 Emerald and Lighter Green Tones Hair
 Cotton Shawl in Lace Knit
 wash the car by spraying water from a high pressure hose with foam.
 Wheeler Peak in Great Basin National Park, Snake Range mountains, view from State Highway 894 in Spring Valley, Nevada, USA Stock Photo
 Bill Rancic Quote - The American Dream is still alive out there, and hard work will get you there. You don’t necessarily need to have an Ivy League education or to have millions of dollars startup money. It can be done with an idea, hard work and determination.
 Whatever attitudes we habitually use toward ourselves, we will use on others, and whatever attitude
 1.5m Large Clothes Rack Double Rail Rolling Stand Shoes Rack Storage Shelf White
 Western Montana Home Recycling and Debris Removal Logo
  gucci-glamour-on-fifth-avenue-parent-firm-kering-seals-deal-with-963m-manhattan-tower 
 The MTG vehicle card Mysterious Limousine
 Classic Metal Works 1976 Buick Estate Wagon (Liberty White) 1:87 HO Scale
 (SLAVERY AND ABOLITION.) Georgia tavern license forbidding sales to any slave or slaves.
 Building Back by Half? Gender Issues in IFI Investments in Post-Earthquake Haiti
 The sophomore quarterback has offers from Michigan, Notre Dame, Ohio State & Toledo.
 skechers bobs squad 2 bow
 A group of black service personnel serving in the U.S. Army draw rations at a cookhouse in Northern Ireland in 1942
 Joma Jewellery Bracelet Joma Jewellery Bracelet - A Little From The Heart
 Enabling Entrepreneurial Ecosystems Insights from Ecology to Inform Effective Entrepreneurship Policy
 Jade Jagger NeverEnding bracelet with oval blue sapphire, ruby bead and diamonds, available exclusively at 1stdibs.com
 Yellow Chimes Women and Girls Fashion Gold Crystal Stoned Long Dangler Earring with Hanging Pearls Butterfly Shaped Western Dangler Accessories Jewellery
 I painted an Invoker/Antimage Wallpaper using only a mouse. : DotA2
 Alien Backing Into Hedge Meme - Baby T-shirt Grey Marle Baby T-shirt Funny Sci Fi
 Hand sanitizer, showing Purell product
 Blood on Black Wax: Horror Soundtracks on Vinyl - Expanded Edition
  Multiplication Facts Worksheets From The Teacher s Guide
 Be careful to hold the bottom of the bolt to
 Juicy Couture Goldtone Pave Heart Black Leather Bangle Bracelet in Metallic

======

Your goal
Word for word, restate the lines of the data above that fall between the line holding "Bill Rancic Quote" and the line holding "Classic Metal Works", inclusive, and no other lines.

Response to this task
 Bill Rancic Quote - The American Dream is still alive out there, and hard work will get you there. You don’t necessarily need to have an Ivy League education or to have millions of dollars startup money. It can be done with an idea, hard work and determination.
 Whatever attitudes we habitually use toward ourselves, we will use on others, and whatever attitude
 1.5m Large Clothes Rack Double Rail Rolling Stand Shoes Rack Storage Shelf White
 Western Montana Home Recycling and Debris Removal Logo
  gucci-glamour-on-fifth-avenue-parent-firm-kering-seals-deal-with-963m-manhattan-tower 
 The MTG vehicle card Mysterious Limousine
 Classic Metal Works 1976 Buick Estate Wagon (Liberty White) 1:87 HO Scale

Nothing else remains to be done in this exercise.